North Carolina's gubernatorial election, 2016
| Party |  | Candidate | Votes | % | ±% |
|  | Democratic | Roy Cooper | 2,309,162 | 49.02% | +5.79% |
|  | Republican | Pat McCrory (incumbent) | 2,298,881 | 48.80% | −5.82% |
|  | Libertarian | Lon Cecil | 102,978 | 2.19% | +0.06% |
| Margin of victory |  |  | 10,281 | 0.22% | −7.92% |
| Turnout |  |  | 4,711,021 | 68.98% | +1.68% |
|  | Democratic gain from Republican |  |  |  |  |  |

Polls closed at 7:30 pm on election day. On election night, as votes were tallied, Cooper held an early lead, but was overtaken by McCrory around 9:30 pm, and McCrory held the lead for most of the evening. Shortly before midnight, McCrory held a 60,000 vote lead until a block of 90,000 votes from Durham County was added to the total, putting Cooper back in the lead by fewer than 5,000 votes out of 4,500,000 cast. Both candidates addressed supporters around 12:30 am; Cooper declared victory, while McCrory vowed the race was not over and that every vote needed to be counted.

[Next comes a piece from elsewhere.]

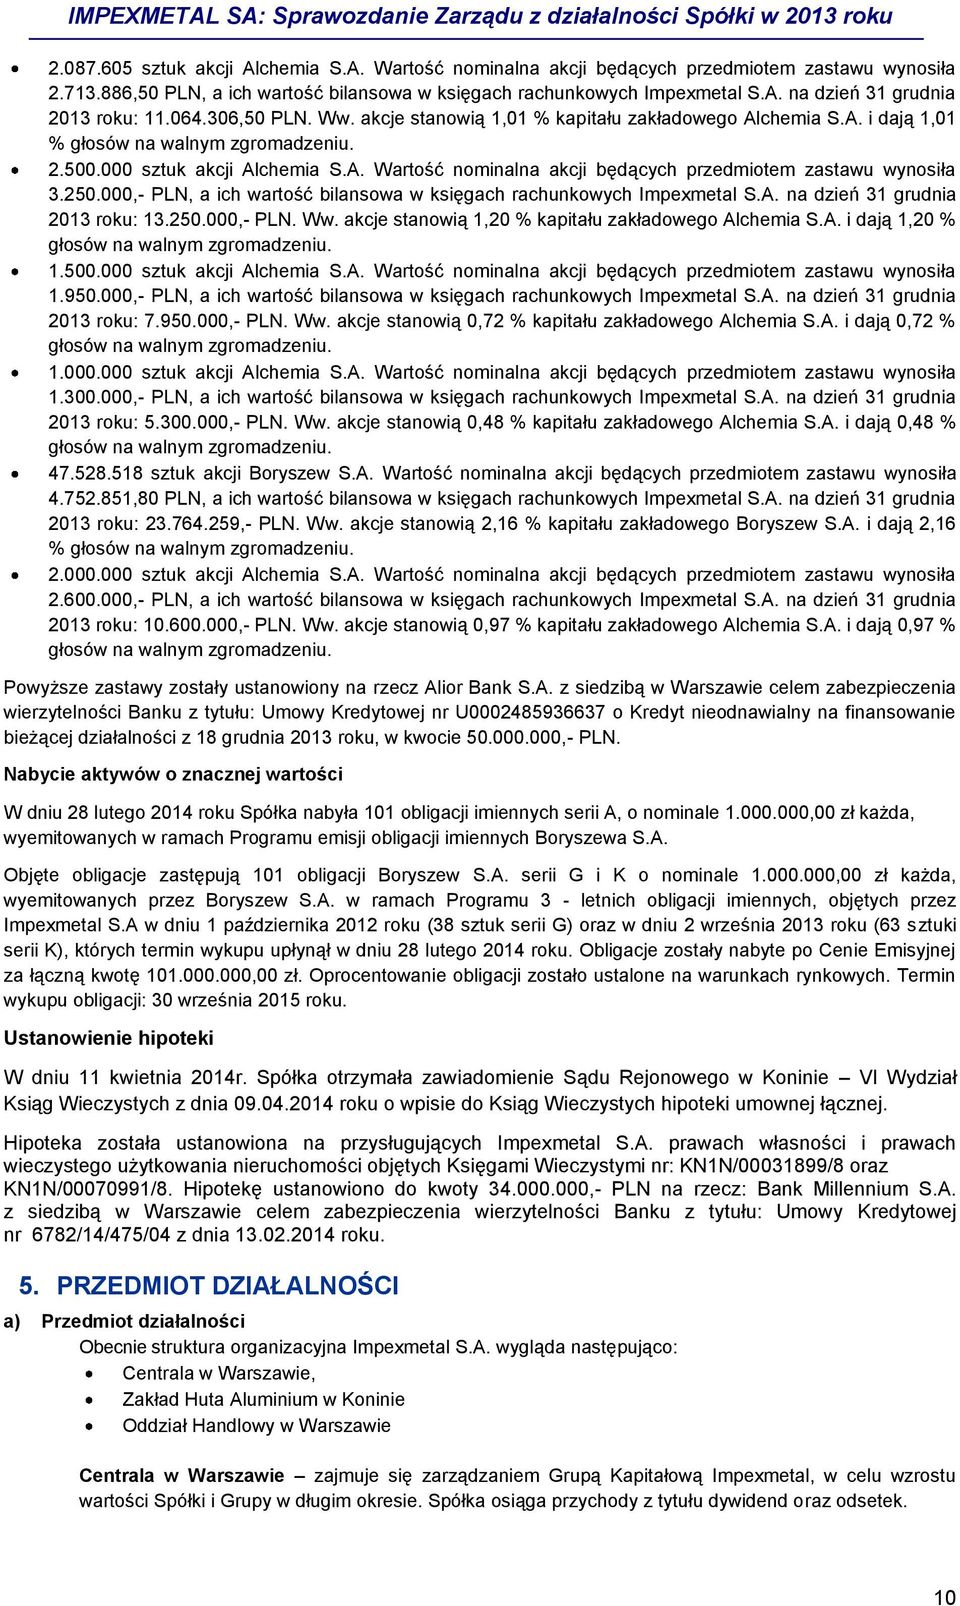 250.000,- PLN, a ich wartość bilansowa w księgach rachunkowych Impexmetal S.A. na dzień 31 grudnia 2013 roku: 13.250.000,- PLN. Ww. akcje stanowią 1,20 % kapitału zakładowego Alchemia S.A. i dają 1,20 % głosów na walnym zgromadzeniu.

Under North Carolina state law, absentee ballots postmarked on or before election day must be counted, and military and overseas ballots accepted through November 17 must also be counted. Additionally, election administrators "must decide the eligibility of more than 60,000 provisional ballots and the validity of thousands of challenged votes." This process, plus a protracted legal challenge from the McCrory campaign, was likely to leave the election result not formally decided for some time after election day.

McCrory's campaign said that it had "grave concerns over potential irregularities in Durham County." Republican Party of North Carolina Chairman Robin Hayes called Cooper's declaration of victory "rude and grossly premature." On November 10, 2016, both campaigns announced they had retained attorneys in anticipation of a protracted legal battle: Cooper hired lawyers from Washington-based firm Perkins Coie (including Marc Elias), while McCrory hired lawyers from Virginia-based firm Holtzman Vogel Josefiak.

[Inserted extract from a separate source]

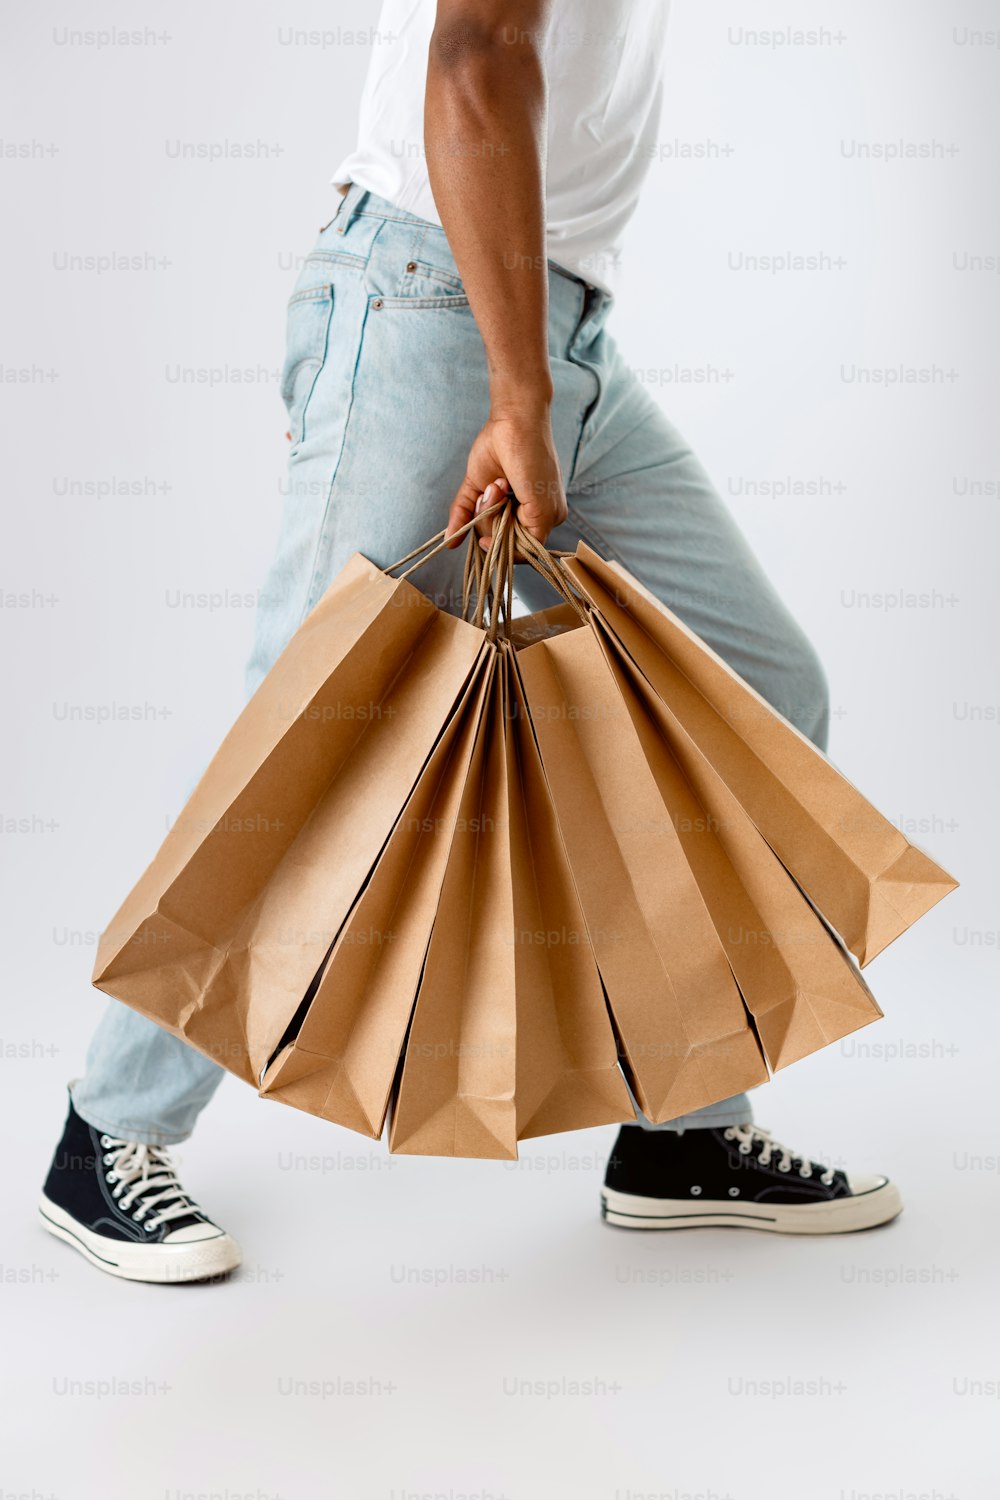 Un hombre sosteniendo una bolsa de papel marrón en sus manos

Once all ballots are counted, North Carolina election law allows either candidate to request a recount if the margin is fewer than 10,000 votes.

On November 12, the general counsel of the Durham County Republican Party filed a formal protest with the Durham County Board of Elections alleging "malfeasance" in the tallying of votes in Durham County and calling for a recount. McCrory's campaign said that the 90,000 votes added to the total late on election night appeared to have come from corrupted memory cards. A campaign spokesman said, "What transpired in Durham County is extremely troubling and no citizen can have confidence in the results at this point in time."

On November 14, WRAL reported that there was speculation among political operatives about whether the race could possibly be contested and handed to the North Carolina General Assembly to determine the winner, as was done in 2005, when the General Assembly made June Atkinson the winner of a disputed election for the office of North Carolina Superintendent of Public Instruction. North Carolina House Speaker Tim Moore said getting the General Assembly involved would be "an absolute last resort".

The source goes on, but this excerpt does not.